Tout doucement, sans faire de bruit, les comédiens entrent sur scène dans le noir le plus complet. C’est alors qu’un joli bout de femme se met à fredonner une petite chanson, une chanson qui nous ressemble, accompagnée de son jeune complice à l’accordéon.

Bien décidée à faire de ses toilettes un endroit plus singulier que trivial, dame Prévert (c'est ainsi que nous l'appellerons) a finalement jeté son dévolu sur Jacques, dont la photo habille fièrement le mur. Ce cliché bien connu de Robert Doisneau ouvre alors une parenthèse sur un univers imagé, enfantin, drôle et tendre à la fois : celui de Prévert et Kosma. Tout à coup, nous voilà dans une petite salle de classe à l’odeur de craie, où virevoltent les avions de papier et fleurissent des cancres charmants ; ici, pas question de calcul ni de règles de grammaire. Les comédiens ne sont que deux, mais les spectateurs ne tardent pas à prendre part à ces joyeux enfantillages en chantant, assis sur les bancs d’école de la salle de spectacle.

Accordéon, rengaines, jeux de mots et farces nous entraînent dans un petit voyage libertaire, et nous replongent dans ce doux pays de l’innocence où tout est propice à l’espièglerie.

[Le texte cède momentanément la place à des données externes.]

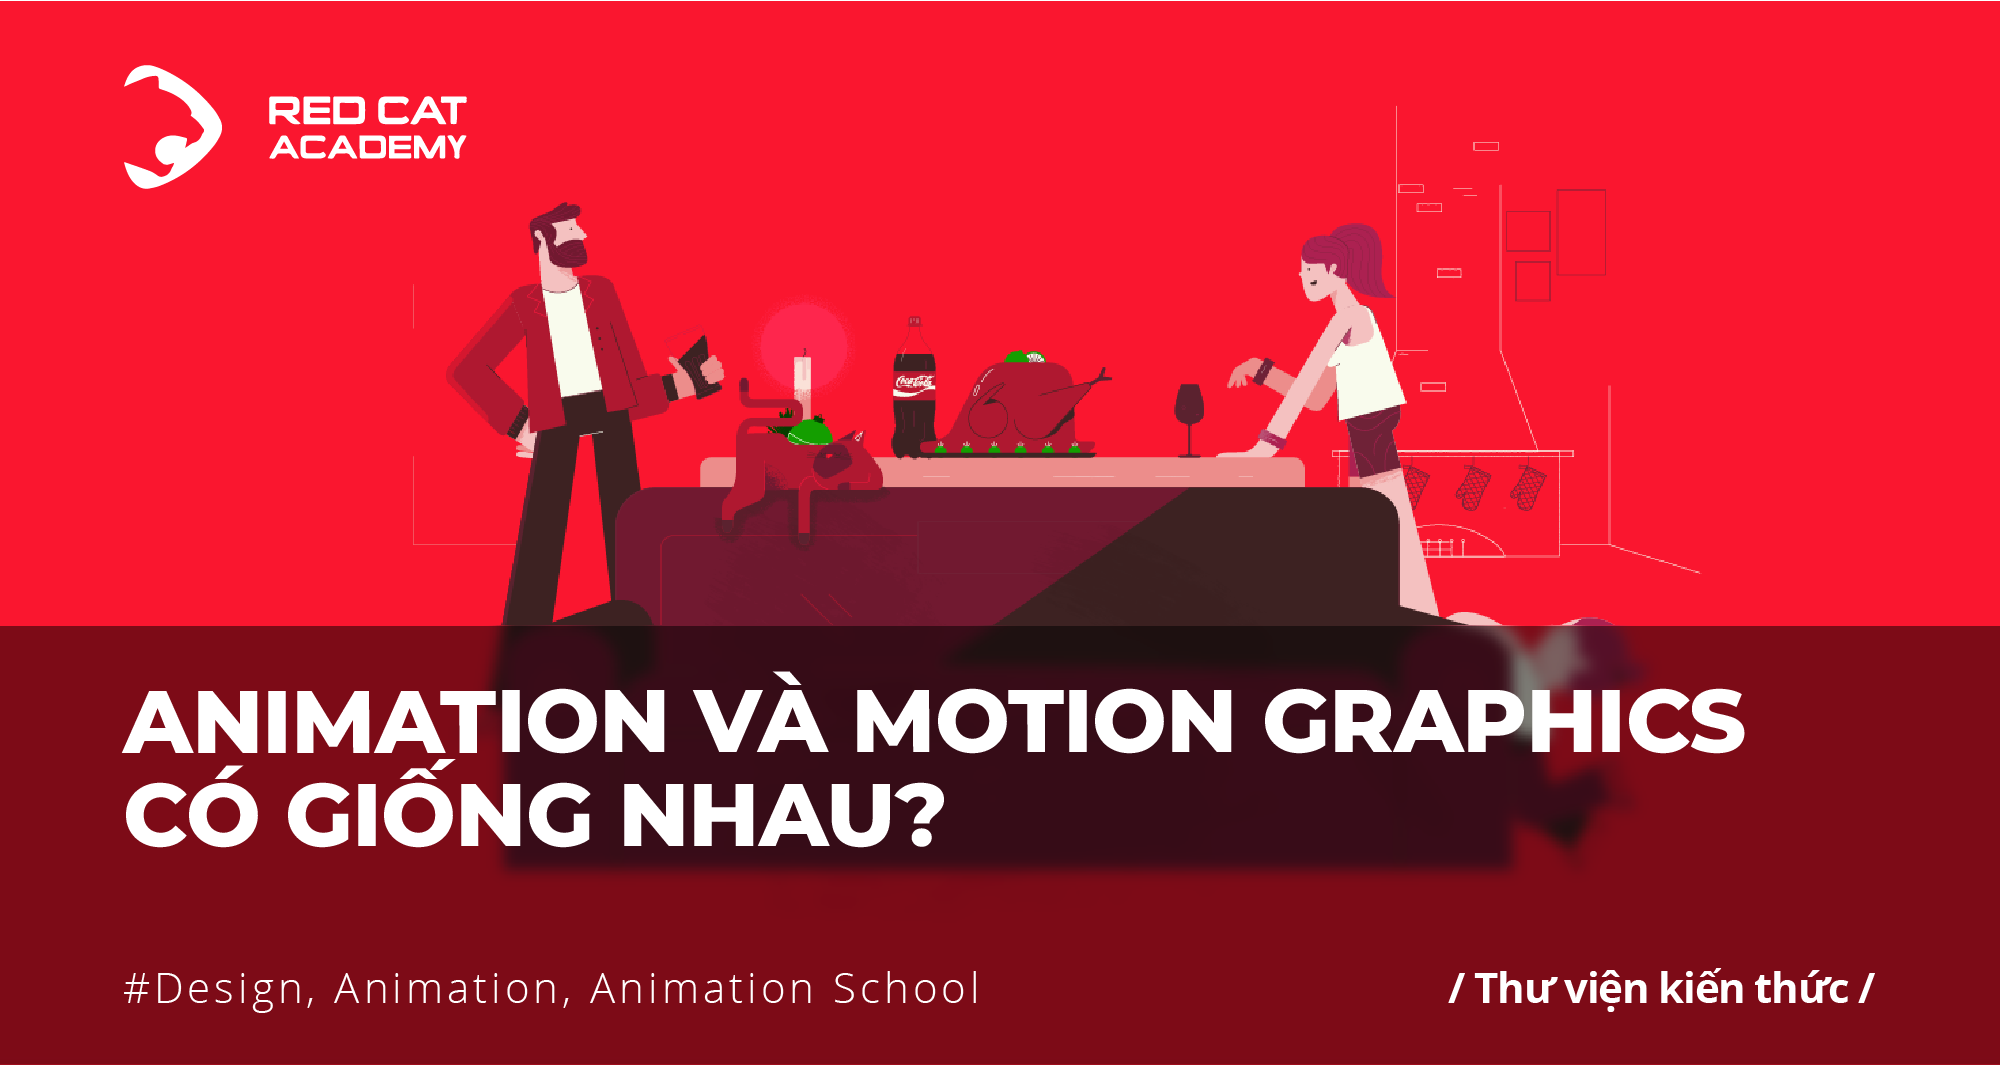 Animation và Motion Graphics có giống nhau? — Red Cat Academy
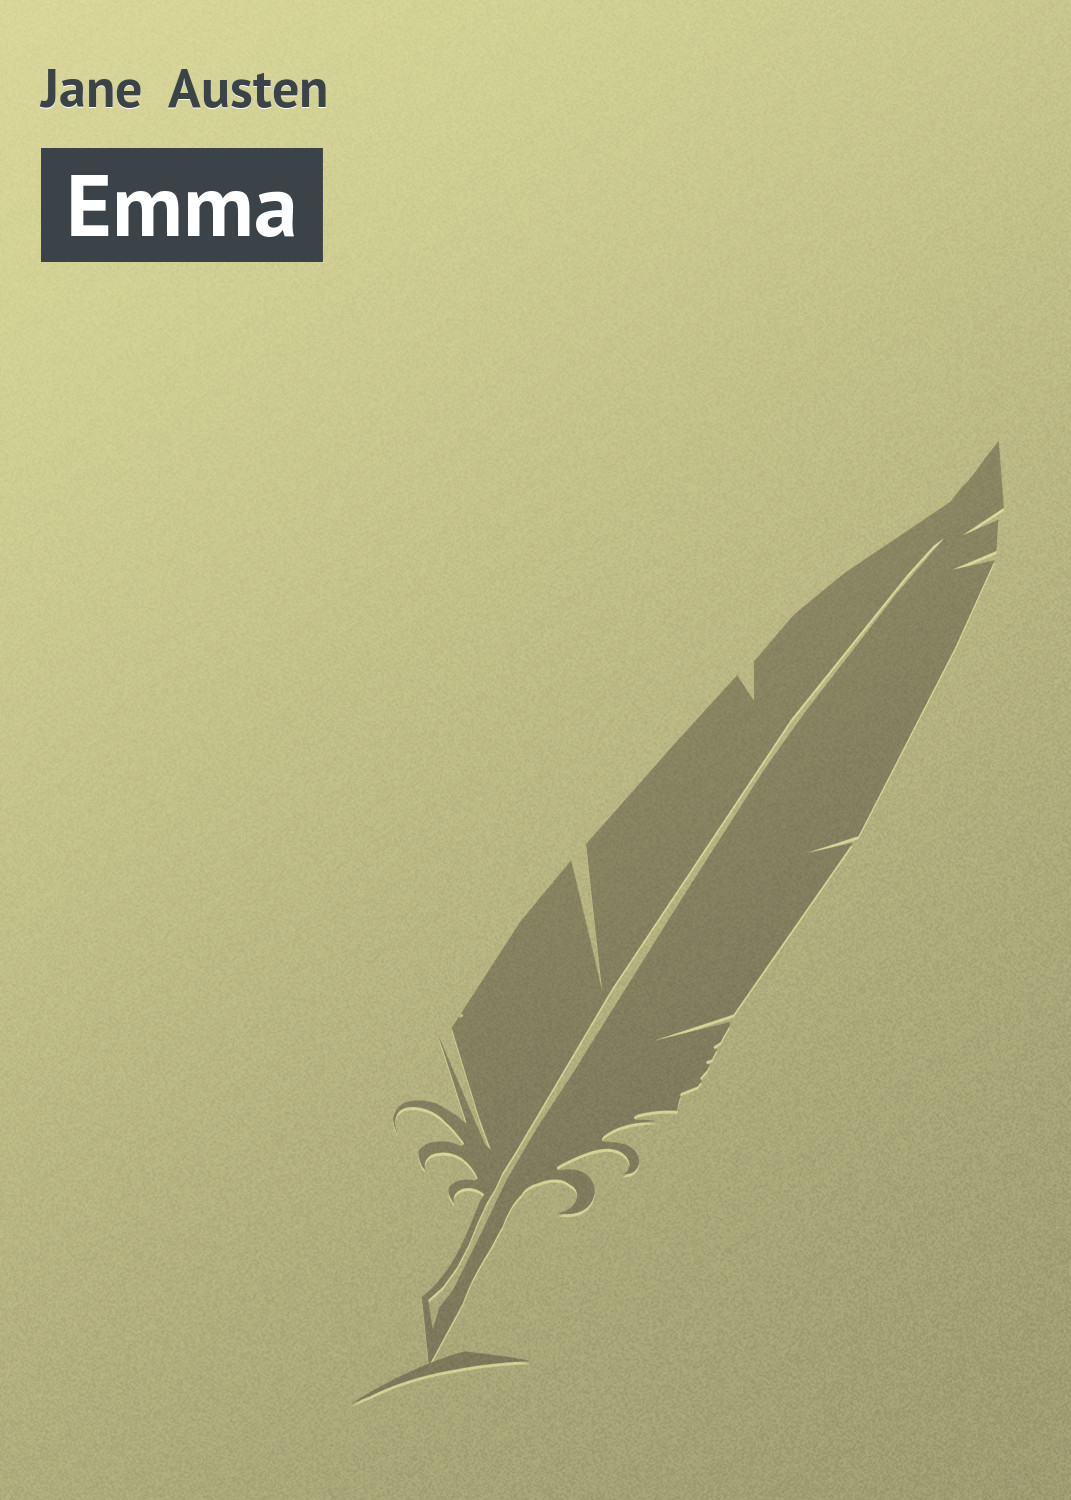 Книга Emma из серии , созданная Jane Austen, может относится к жанру Зарубежная старинная литература, Зарубежная классика. Стоимость электронной книги Emma с идентификатором 21103630 составляет 5.99 руб.

Bien sûr que l'on se souvient : enfants, nous avons eu du mal à apprendre comment faire le portrait d’un oiseau, et côtoyé le chat qui ne l’avait mangé qu’à moitié. Nous avons ri des deux escargots titubant, au retour de l’enterrement d’une feuille morte. Nous avons dit non au professeur, et dessiné le visage du bonheur avec les craies de toutes les couleurs. Que nous les connaissions ou non, les paroles de Prévert mêlées aux notes de Kosma et portées par les deux comédiens aussi fringants que rieurs nous enchantent par leur délicatesse. 

Avec trois bouts de ficelles, des morceaux de papier coloré et beaucoup de talent, cette représentation est un véritable bain de fraîcheur, duquel nous ressortons imprégnés de doux refrains et de poésie. Les feuilles de Prévert sont certes bien mortes, mais ses petits mots florissants n’ont pas fini de nous enchanter.